Conclusions: There are significantly more people in the consulting room with doctors in paediatric than adult clinics. Adult clinics were significantly different in appointment duration and number of patients per clinic. These issues have implications for consultation dynamics and communication skills, venue (size of room etc), service provision (appointment duration) in addition to the preparation of older teenagers for transfer to the adult rheumatology setting.


H.E. Foster1,2, J. Fitzgerald, N.M. Marshall1, I. Steen3, J.M. Thomason, R.R. Welbury4.

School of Dental Sciences, 3 Statistics, 2 Child Health and 1 Rheumatology, University of Newcastle upon Tyne and Newcastle upon Tyne Hospitals NHS Trust, Newcastle upon Tyne, UK; 4 Glasgow Dental Hospital and School, University of Glasgow and North Glasgow NHS Trust, UK

Aim: Poor oral hygiene and dental decay cause significant morbidity and patients with chronic disease. This study aimed to investigate patients with JIA using standardised measures of oral health.

Methods: Patients with JIA were recruited from the Regional paediatric rheumatology service and adults with JIA were attending the adult Rheumatology clinic. Random age and sex matched healthy controls were recruited from a dental teaching hospital. The structured dental examination included standard epidemiological indices of oral hygiene (gingival index, plaque index, oral cleanliness index) and dental decay (DMFT index). Ethical approval was obtained.

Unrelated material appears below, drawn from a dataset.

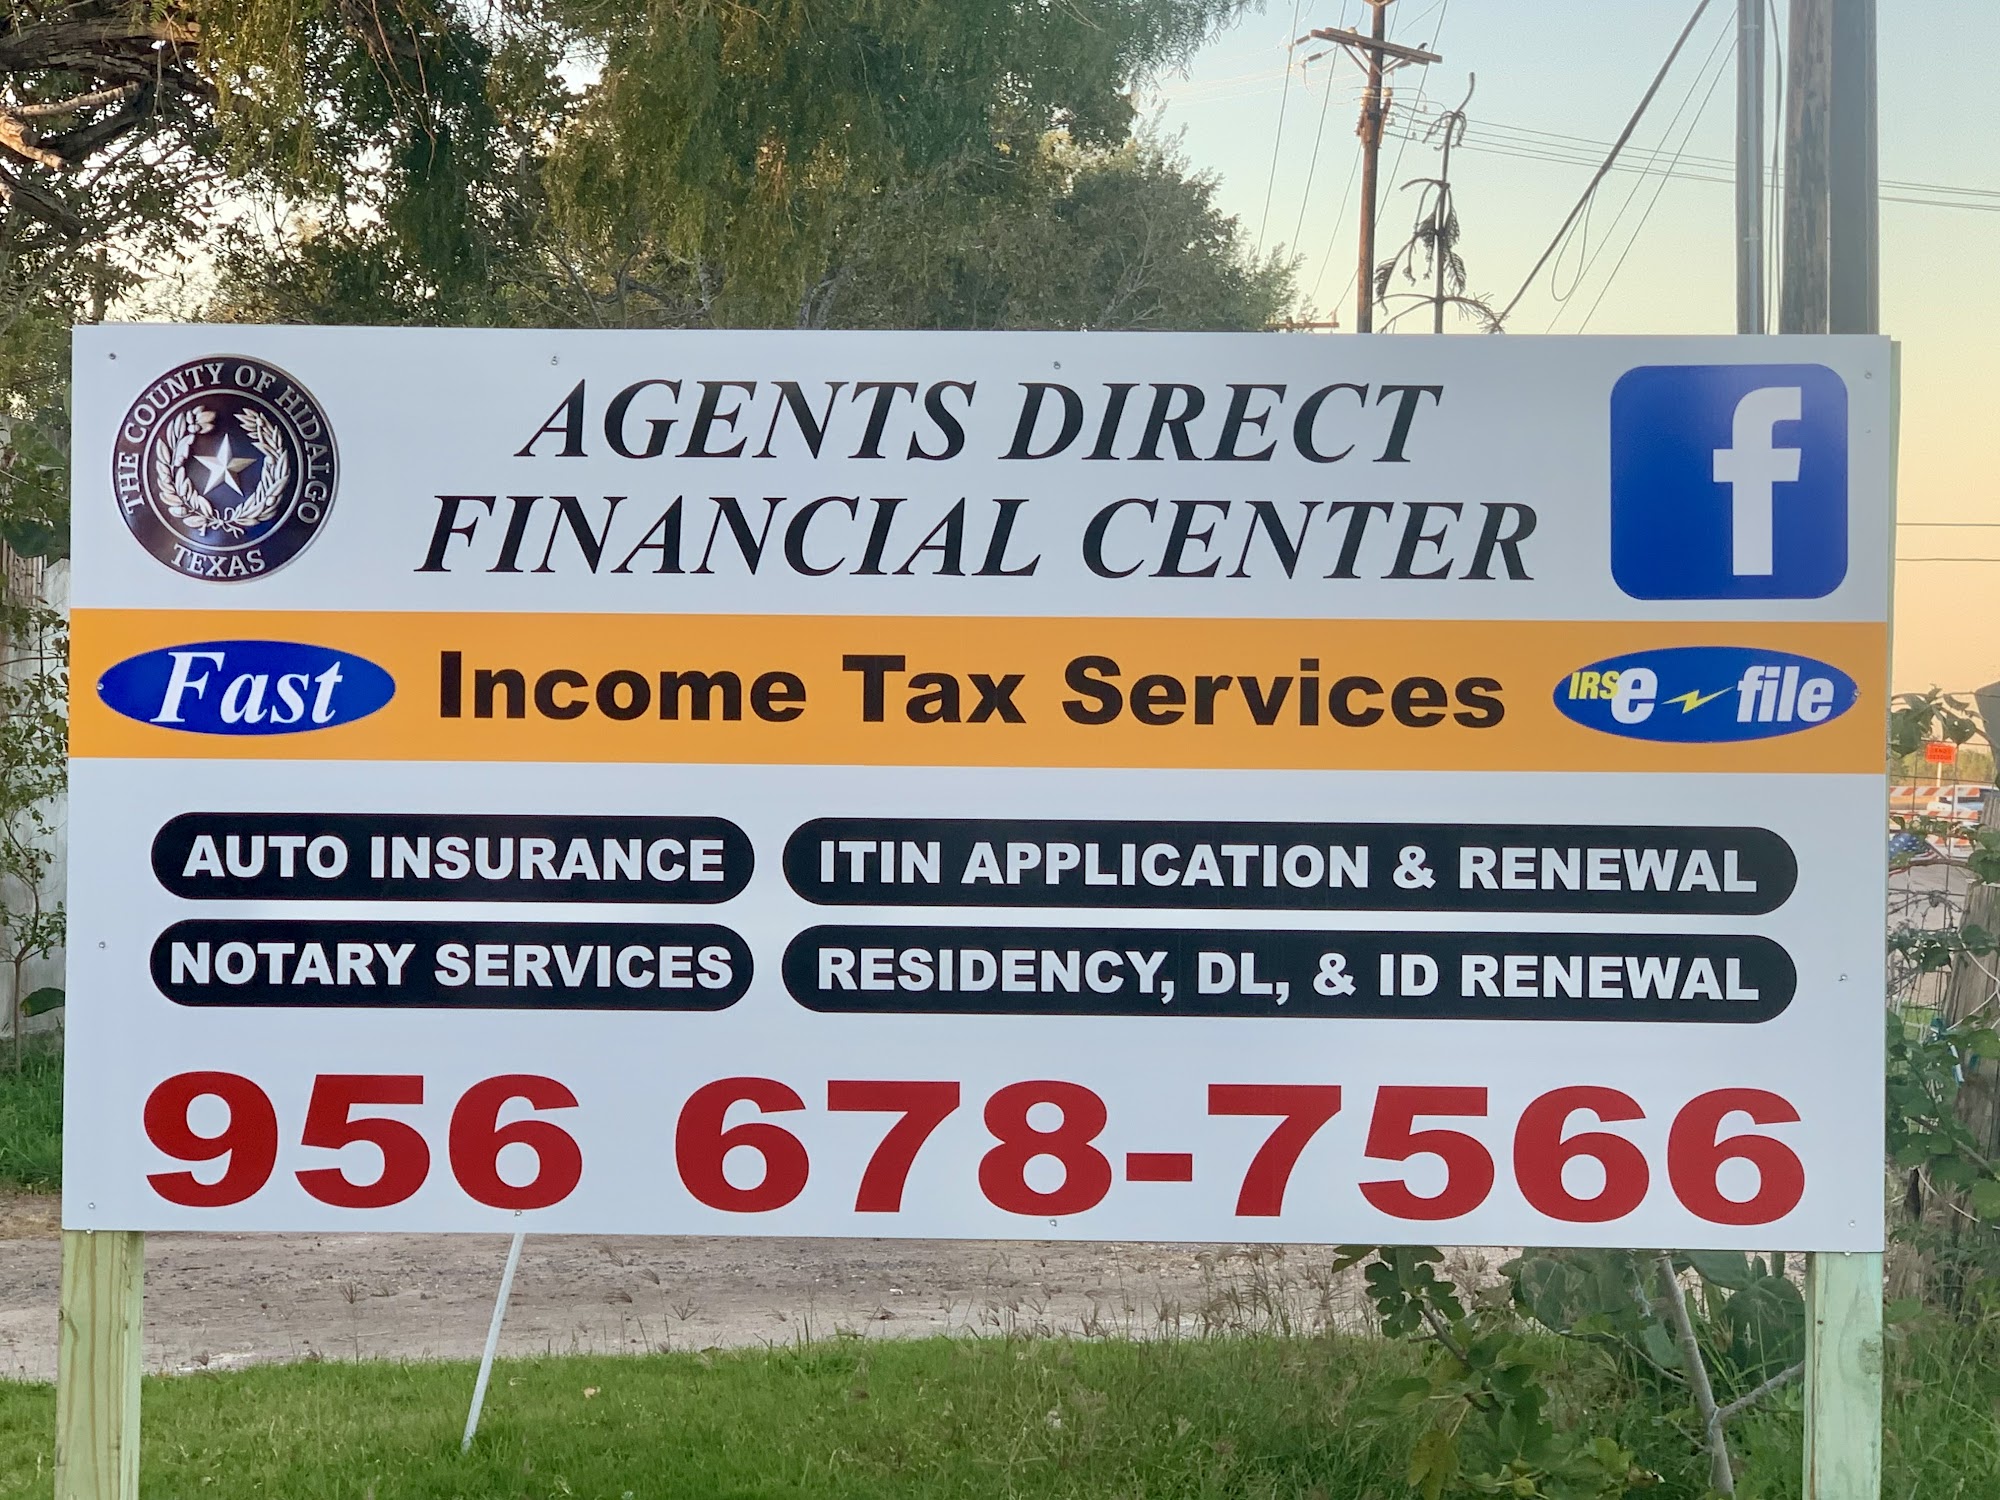 Agents Direct Financial Center / Ruiz Taxes

Results: 149 patients (females n=107) were recruited. The median age was 17.9 years (range 2–50), with a median disease duration of 10.8 years (range 1–42). A spectrum of JIA subtypes was seen (oligo-articular onset (n=65, including 20 with extended course), polyarticular onset (n= 49, including 14 who were rheumatoid factor positive), systemic onset (n=33), psoriatic arthritis (n=13) and enthesitis related arthritis (n=11). JIA patients, at all ages, had increased levels of dental decay and poor oral hygiene. This increased level of decay was statistically significant in the 0–11 year olds (the dmft for the 0–11 year olds was 1.46 ± 2.58, compared to controls (0.56 ± 0.96) (p=0.027). Significant levels of untreated caries and increased levels of missing teeth were found in JIA, suggesting that patients with JIA had less restorative dental treatment with tooth extraction often being the chosen option for treatment of dental decay.

Conclusions: This is the largest study of oral health in JIA and is case controlled. It shows significantly increased levels of poor oral hygiene and dental decay in patients with JIA. The high levels of untreated dental decay suggest barriers to dental care. These results emphasise the role of regular dental care in the multidisciplinary management of JIA.